Note from NY: The Liquid Factor

By Tim Roseborough, from NYC’s Armoury Week

I’d like to point out a micro-trend in some of the New York Chelsea galleries I visited, this week. I’ll call it the “Liquid Factor.”


Miroslaw Balka’s “The Order of Things,” at Barbara Gladstone Gallery, is a monumental installation comprised of two massive steel tanks that recall the work of Richard Serra. The tanks are positioned under two rubber hoses that continually spout a loud rush of black water. The installation is impressive in both scale and presentation. The viewer is led to a small door in the quiet gallery lobby and then finds him- or herself overwhelmed by this loud and imposing structure that resides on just the other side of the door.
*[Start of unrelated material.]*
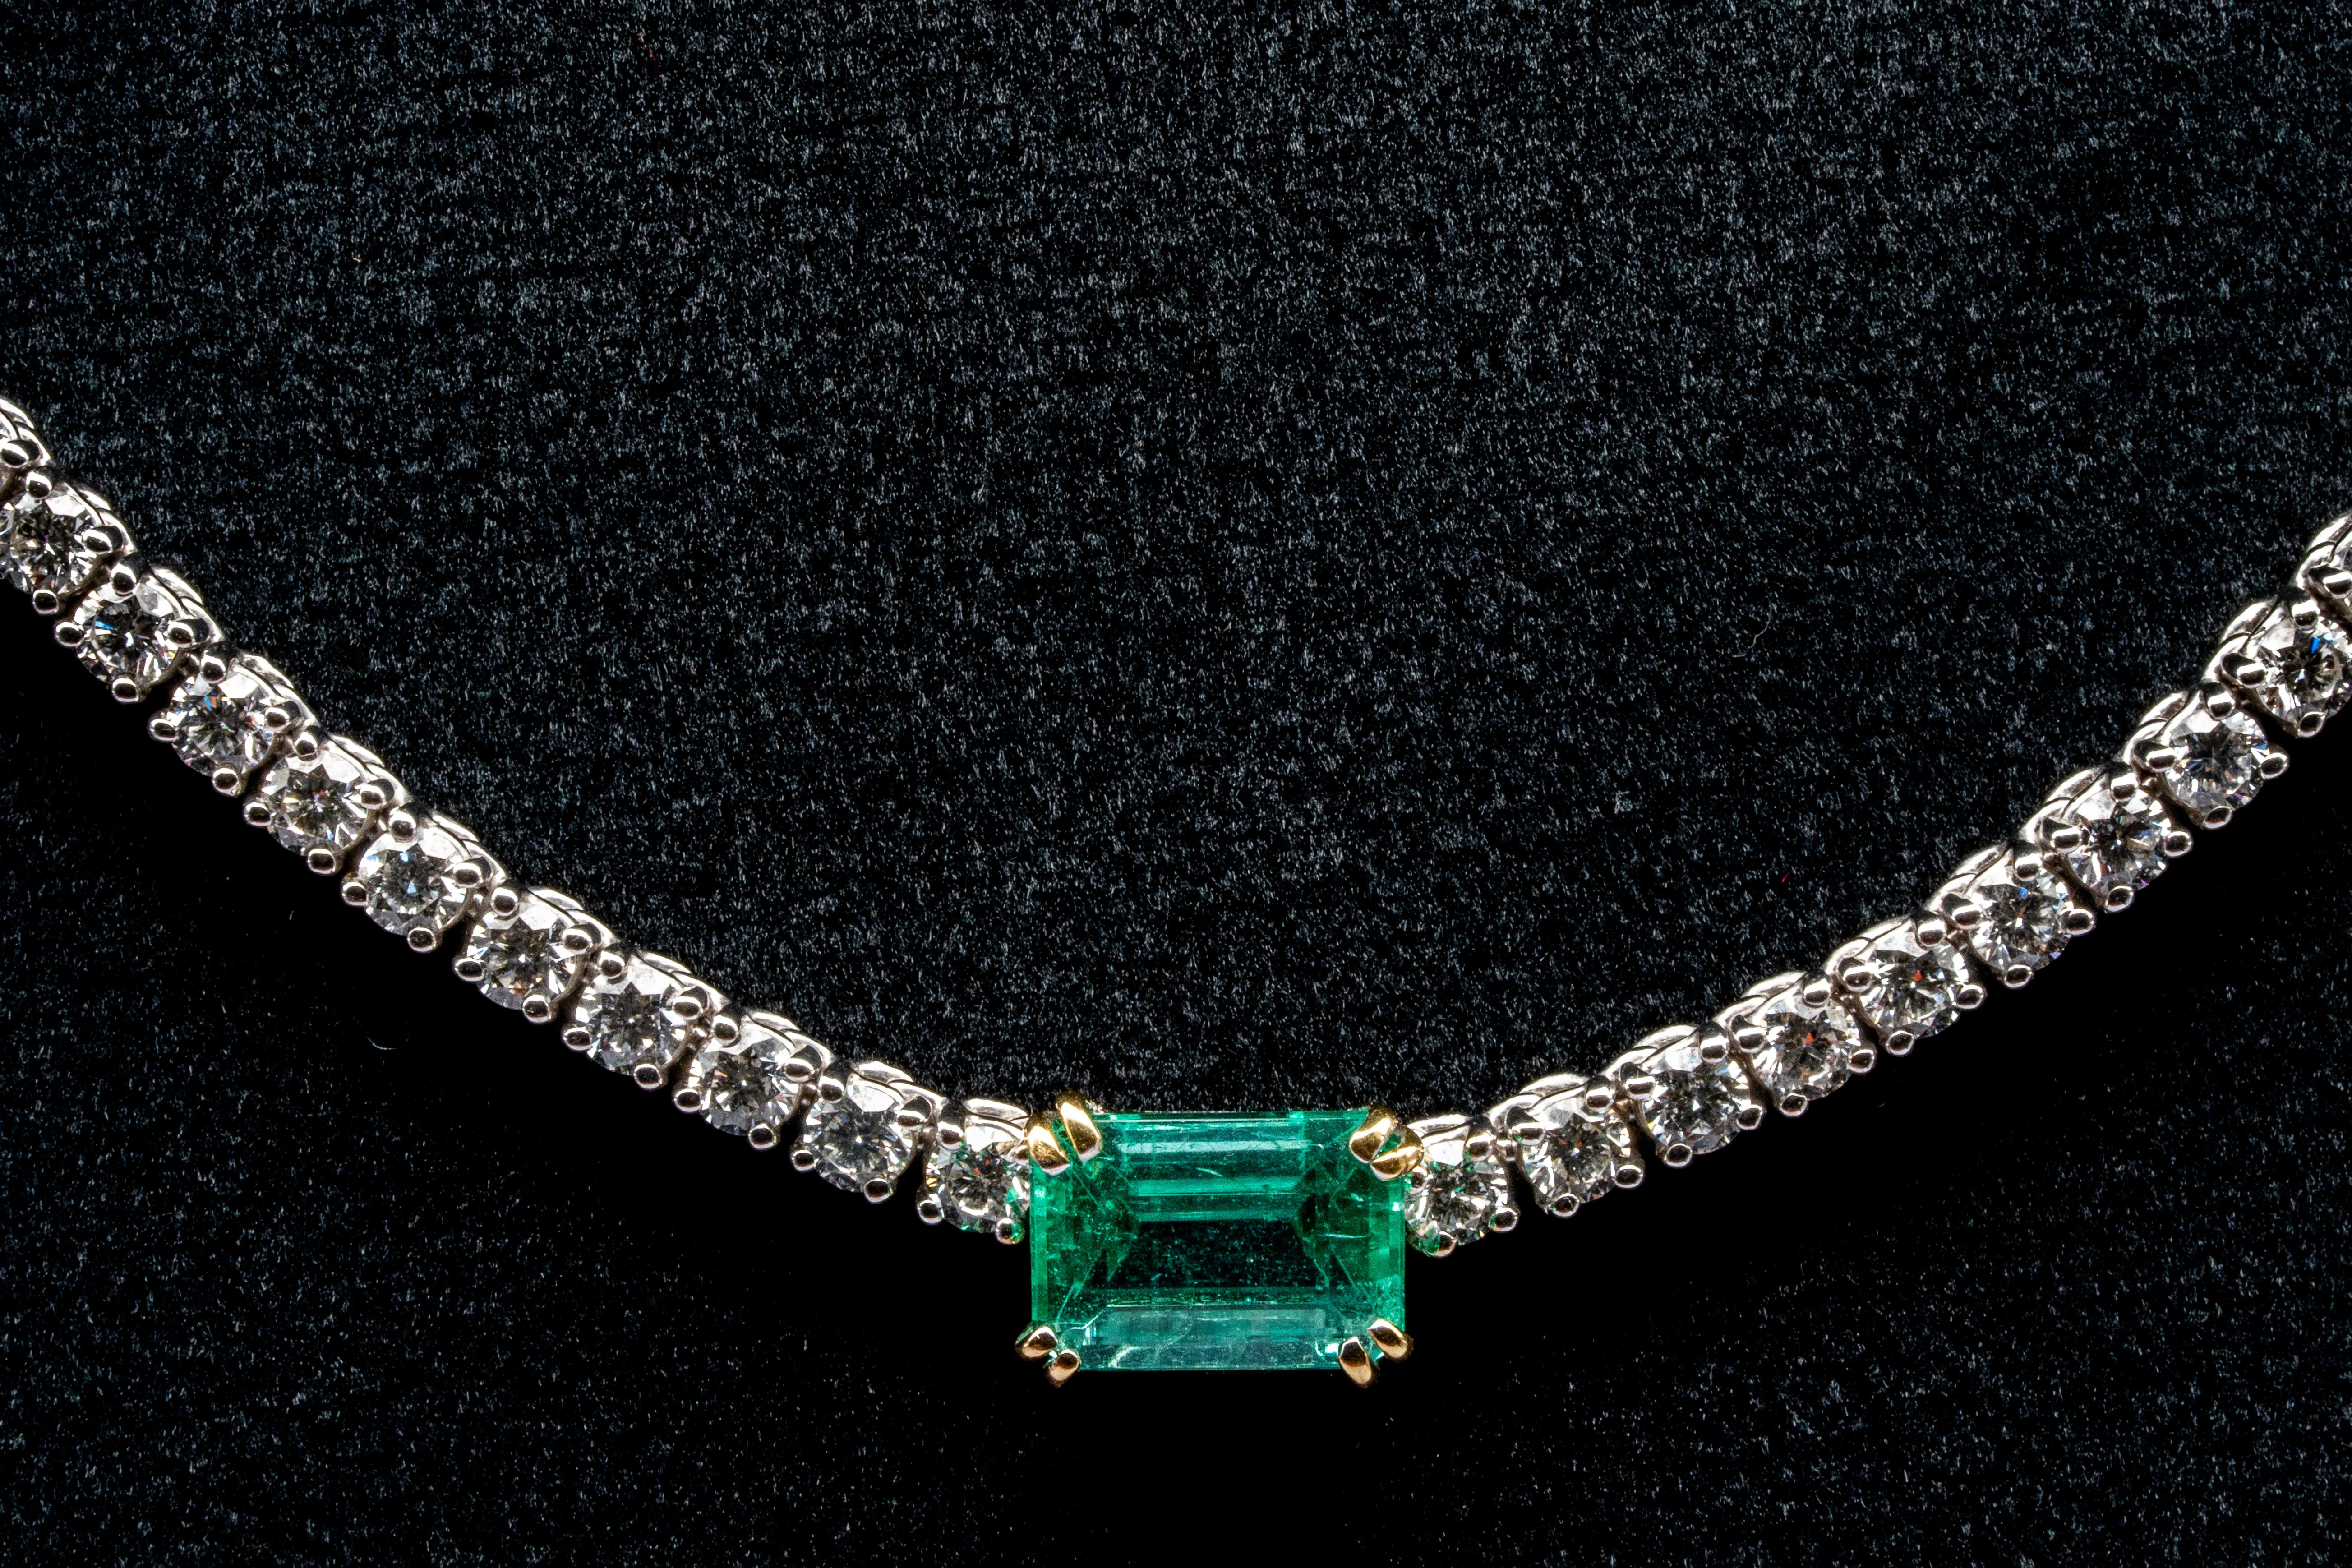 Brilliant Cut 7.25 Carat VS G White Gold Tennis Necklace with Colombian Emerald Carat 2.15 For Sale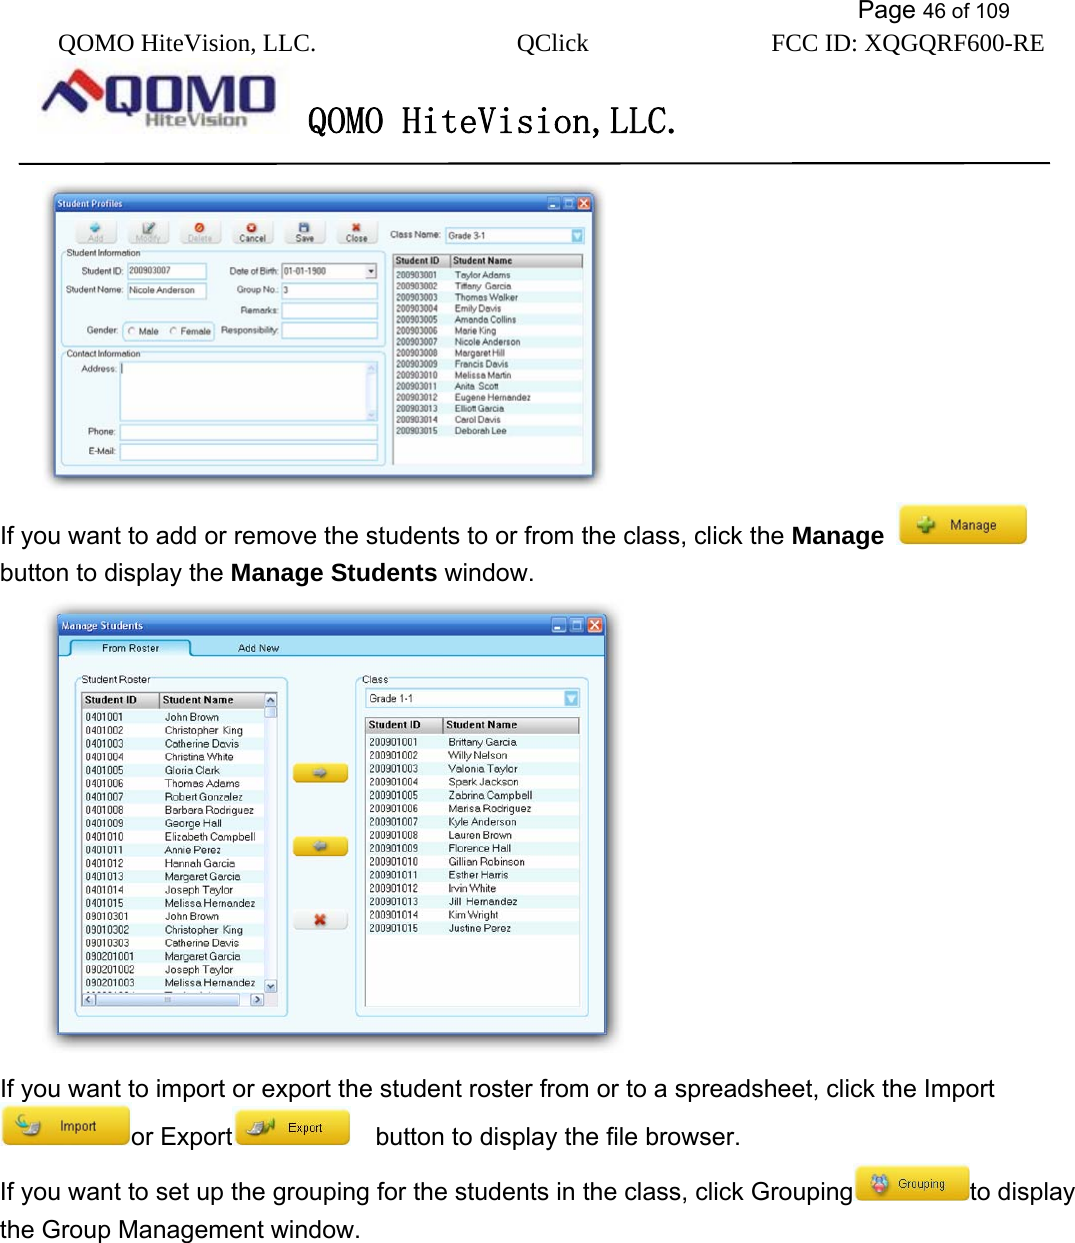           Page 46 of 109 QOMO HiteVision, LLC.  QClick        FCC ID: XQGQRF600-RE     QOMO HiteVision,LLC.    If you want to add or remove the students to or from the class, click the Manage   button to display the Manage Students window.  If you want to import or export the student roster from or to a spreadsheet, click the Import or Export     button to display the file browser. If you want to set up the grouping for the students in the class, click Grouping to display the Group Management window.

In Doug Aitken’s “100 Years,” at 303 Gallery, the viewer is presented with a rhythmically timed flow of ceiling-fed water drops that fall into a sunken pool in the center of the gallery. In addition, another piece features the word “Art” rendered in three dimensions and perpetually dripping with a caramel-like liquid. You can view a video of Aitken’s installation at


I can’t attribute any true trend or theme to these pieces, but the use of liquids is interesting in that it brings an element of change and motion to sculpture, which is otherwise thought of as static. These sculptures are truly never the same at any one time.